▶ TASK OBJECTIVE: Produce an exact copy of all the data below, dropping every image.

▶ DATA:
· · · · ·

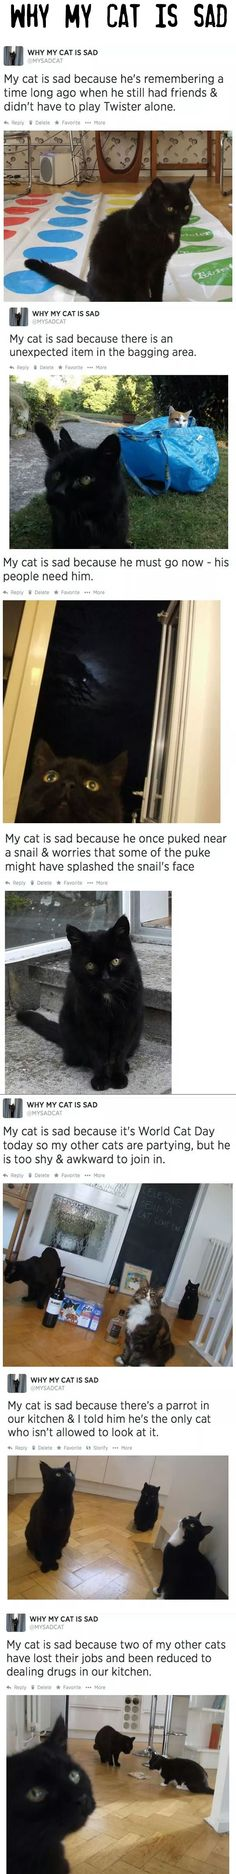 Why My Cat Is Sad.
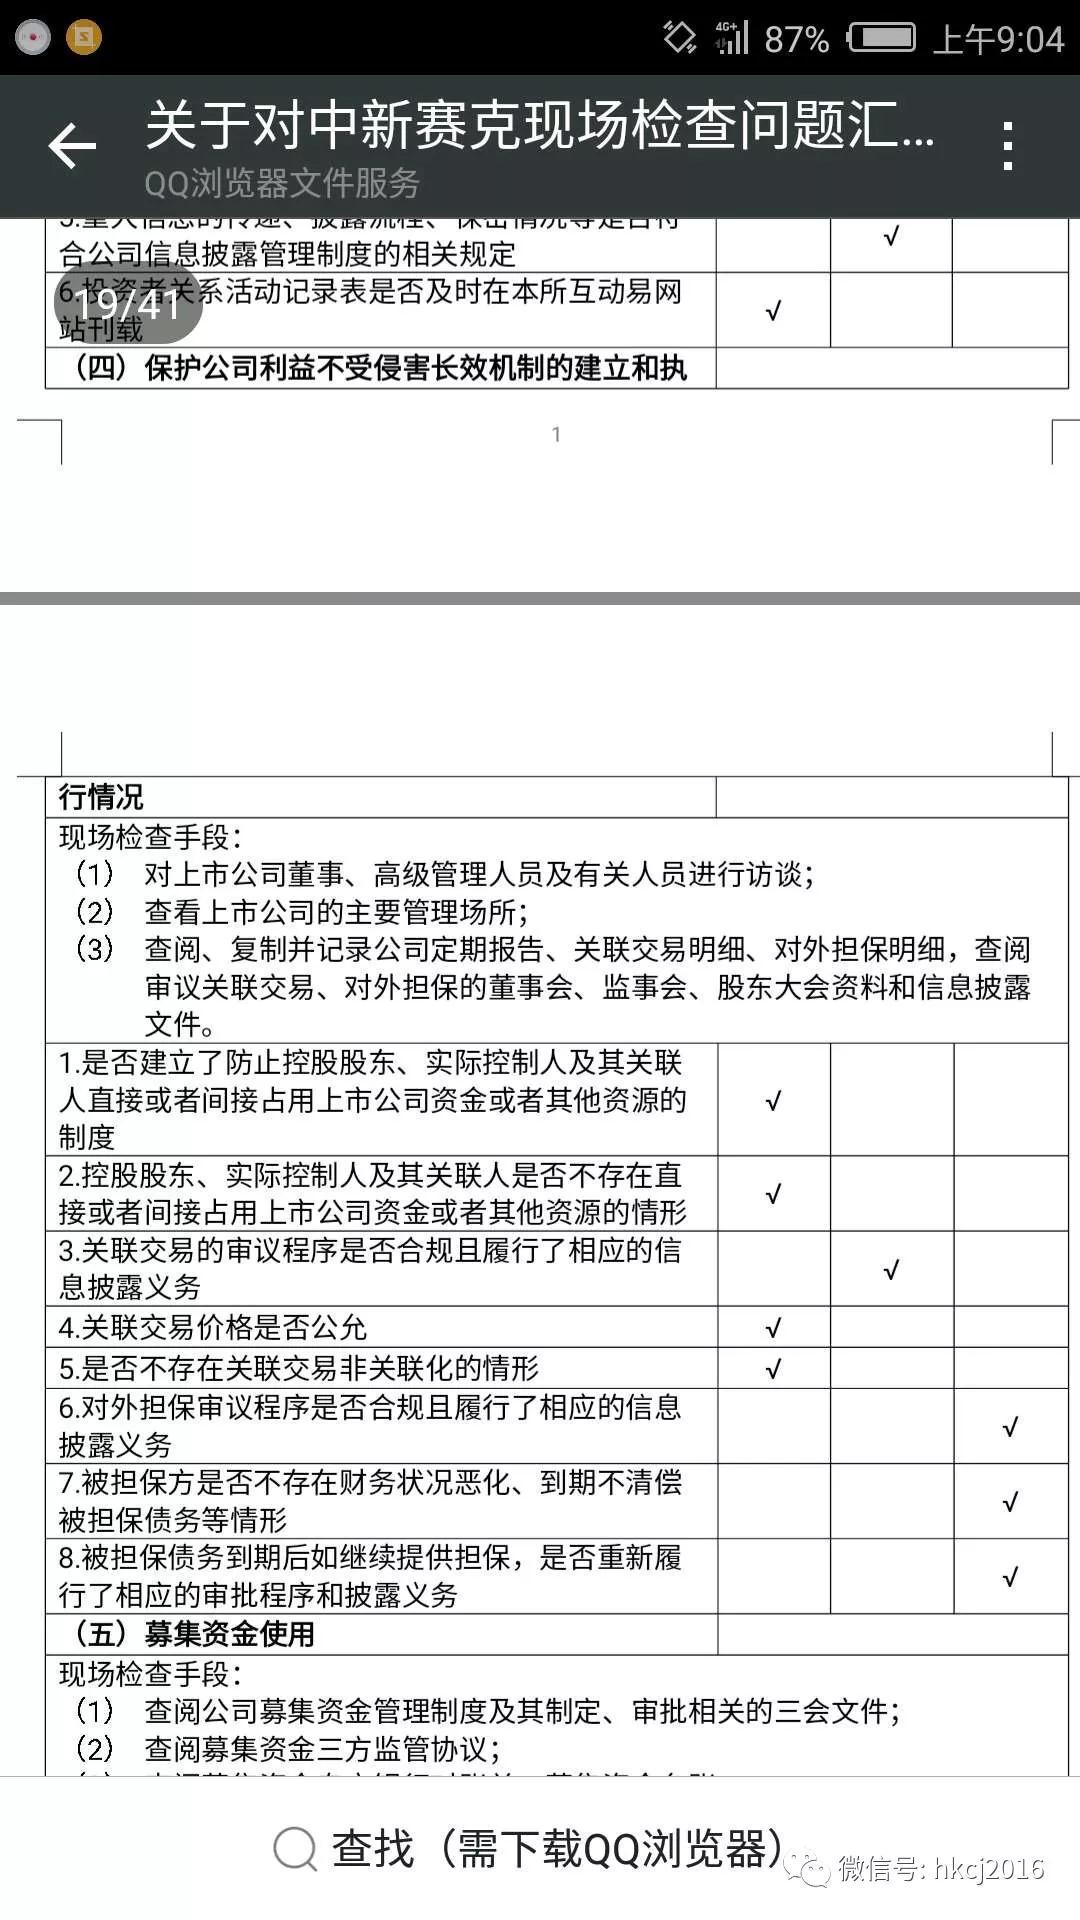 国信解聘保代背后:中新赛克被曝诸多问题
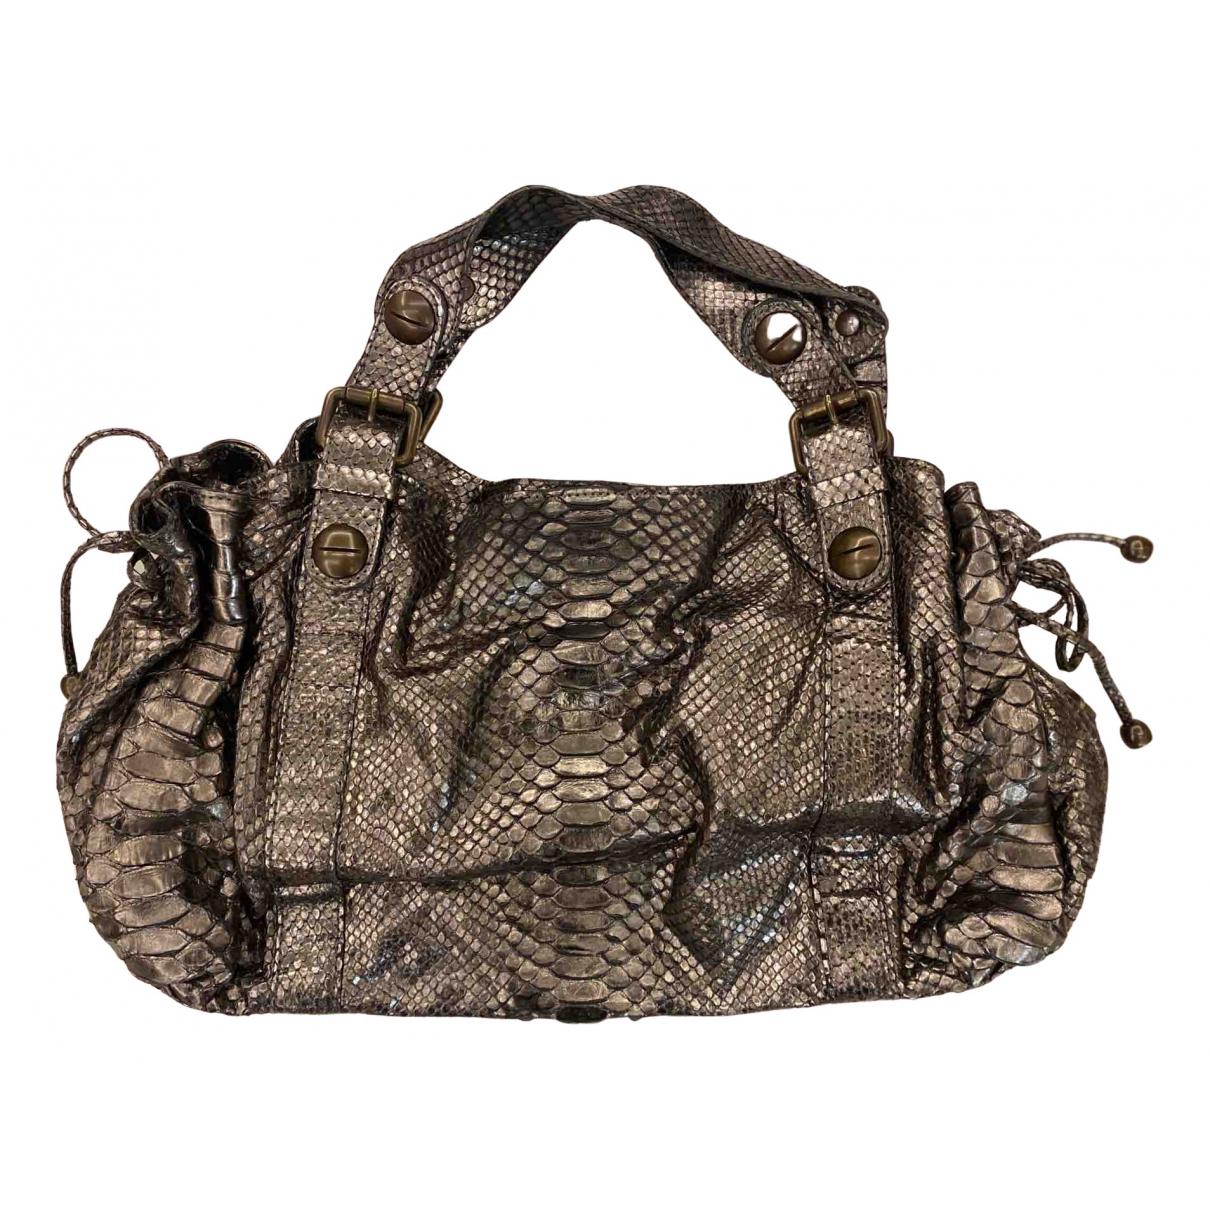 Gerard Darel 24h Handtasche in  Metallic Python

· · · · ·

▶ EXERCISE ANSWER:
 Why My Cat Is Sad.
 国信解聘保代背后:中新赛克被曝诸多问题
 Gerard Darel 24h Handtasche in  Metallic Python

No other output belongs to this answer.